Remember those busy days when our families were young and on the move? People surrounded us. In addition to our friends and family, the parents of our children’s friends, neighbors, church ministries, and coworkers filled our lives. How often we wished back then for a quiet moment.
As that wish becomes a reality, we can find our senior years quite silent. The children leave home and we retire, we lose touch with those bustling communities. It becomes more difficult to initiate contact with younger families we know are busy or meet and form new friendships.
Loneliness is a common result of the changes in life, especially for seniors who live alone or with someone they no longer connect with. According to a study by the University of California, San Francisco, loneliness can be life-threatening. The study estimated that people 60-years-old and older who reported feeling lonely were at a 45% greater risk of death. Isolated seniors had a 59% greater risk of mental and physical decline compared to those who were more social.
The most challenging part of this situation is that most of us don’t want to be around lonely people. Their condition and our reaction keep them even more isolated.

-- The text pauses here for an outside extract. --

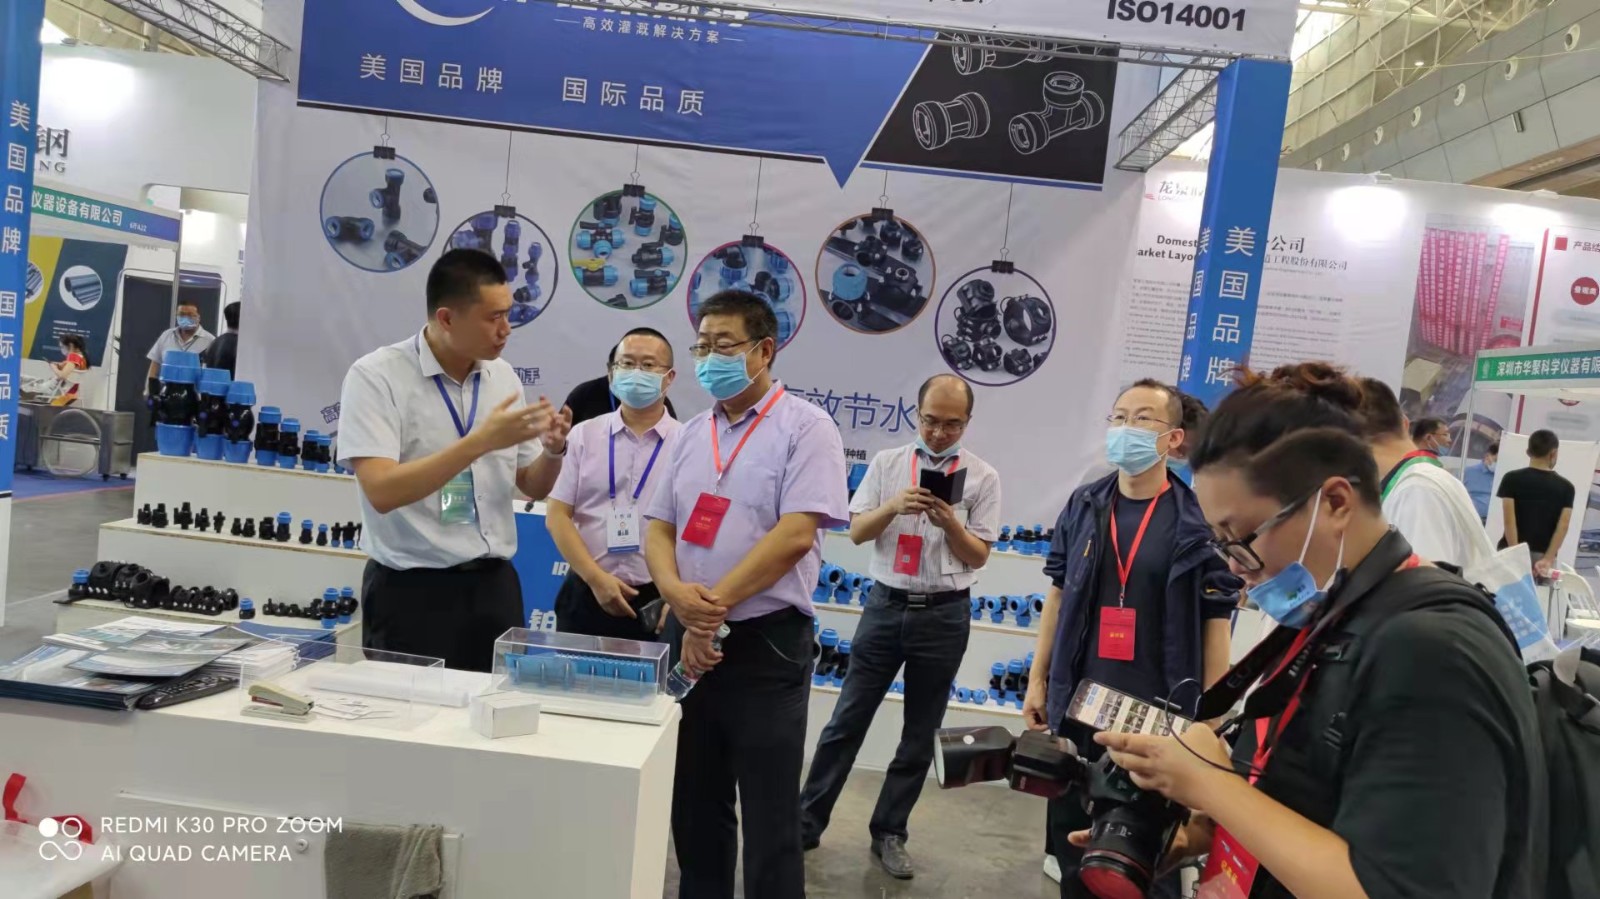 The First Xinjiang International Water Conservancy Technology Exposition Opened Grandly

This is where that loving one another command challenges us to reach out. And if we need a payoff, Scripture says we will be rewarded for our efforts: “Blessed are those who have regard for the weak; the Lord delivers them in times of trouble” (Psalm 41:1).
It doesn’t take much. Engage a senior in a meaningful phone conversation, drop off a few of those cookies you just baked and spend a few minutes at the door, send a kind note, invite them to the next meeting at church, or offer a ride to the grocery store. A little bit of kindness can lighten their spirit and our day as well.